Robotics telemetry SDK — publish sensor streams, structured events, and distributed traces to the Setaur observability platform
Project description
setaur-sdk-python
Python SDK for publishing telemetry from a robot to the setaur-edge agent. Send sensor readings, structured events, and distributed traces with a single import.
What is this?
Setaur is a telemetry SDK for robotics. It gives every component on your robot a consistent way to emit three kinds of data:
| Kind | Use for | API |
|---|---|---|
| Sensor | High-rate, continuous measurements (IMU, lidar, encoders) | setaur.sensor() |
| Event | Sparse, discrete occurrences (state changes, faults, commands) | setaur.info() / setaur.error() / … |
| Span | Timed operations with a start, end, and duration (path planning, arm moves) | setaur.span() / setaur.get_tracer() |
All three are published to a local setaur-edge agent, which forwards them to the Setaur platform.
Prerequisites
1. Create a Setaur account
Sign up at setaur.ai.
2. Add a robot
In the Setaur platform, add a robot. This generates a unique robot key (rbt-…) and a credentials file (.creds) that the SDK uses to authenticate with setaur-edge.
Download both from the add/edit robot configuration page, you'll need them in the steps below.
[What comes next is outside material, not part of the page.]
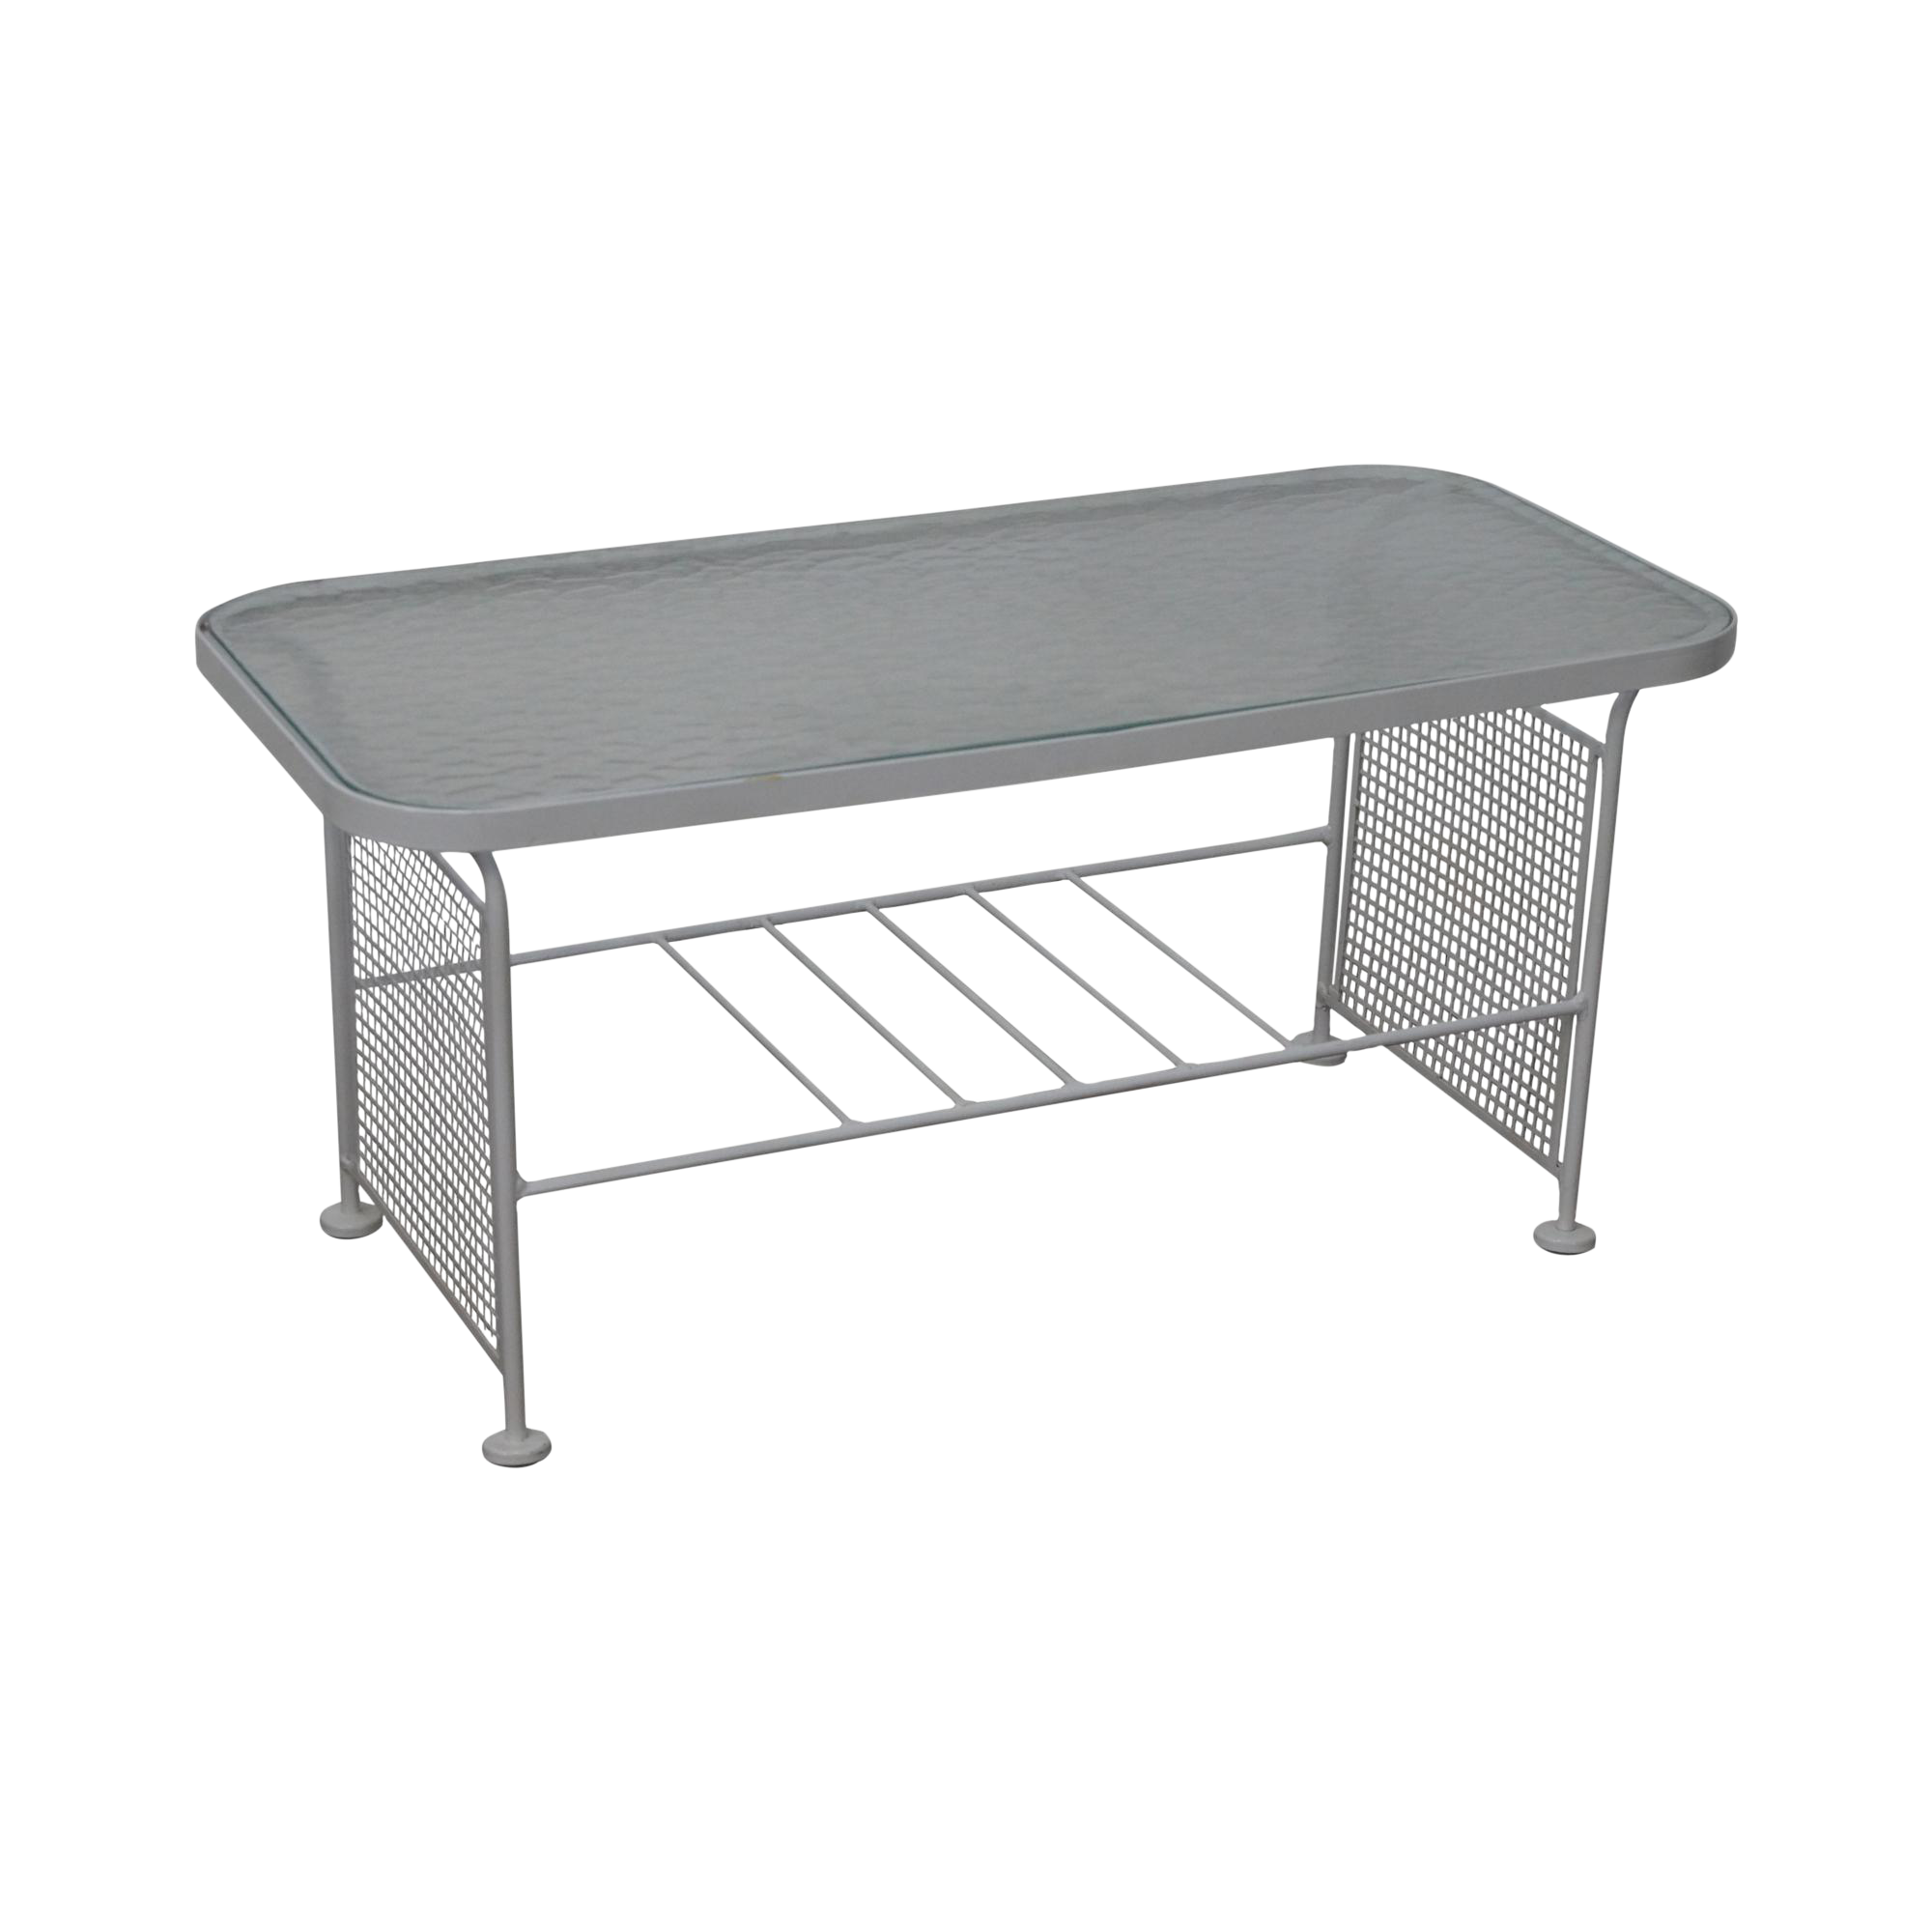 Vintage Woodard White Painted Metal Glass Top Patio Coffee Table Chairish

3. Install and run setaur-edge on the robot
setaur-edge is the local agent that receives telemetry from the SDK and forwards it to the Setaur platform. Download it from the add/edit robot configuration page in the Setaur platform.
Run it on the same machine as your robot code before calling setaur.init():
./setaur-edge --creds /etc/robot/robot.creds
Setaur-edge must be running before setaur.init() is called or it will raise a RuntimeError. See the setaur-edge documentation for installation options, configuration flags, and running as a system service.
Installation
pip install setaur
Or with uv:
uv add setaur
Quick start
import time
import setaur
from setaur import SourceType
# Robot key and credentials are generated on the add/edit robot page at setaur.ai.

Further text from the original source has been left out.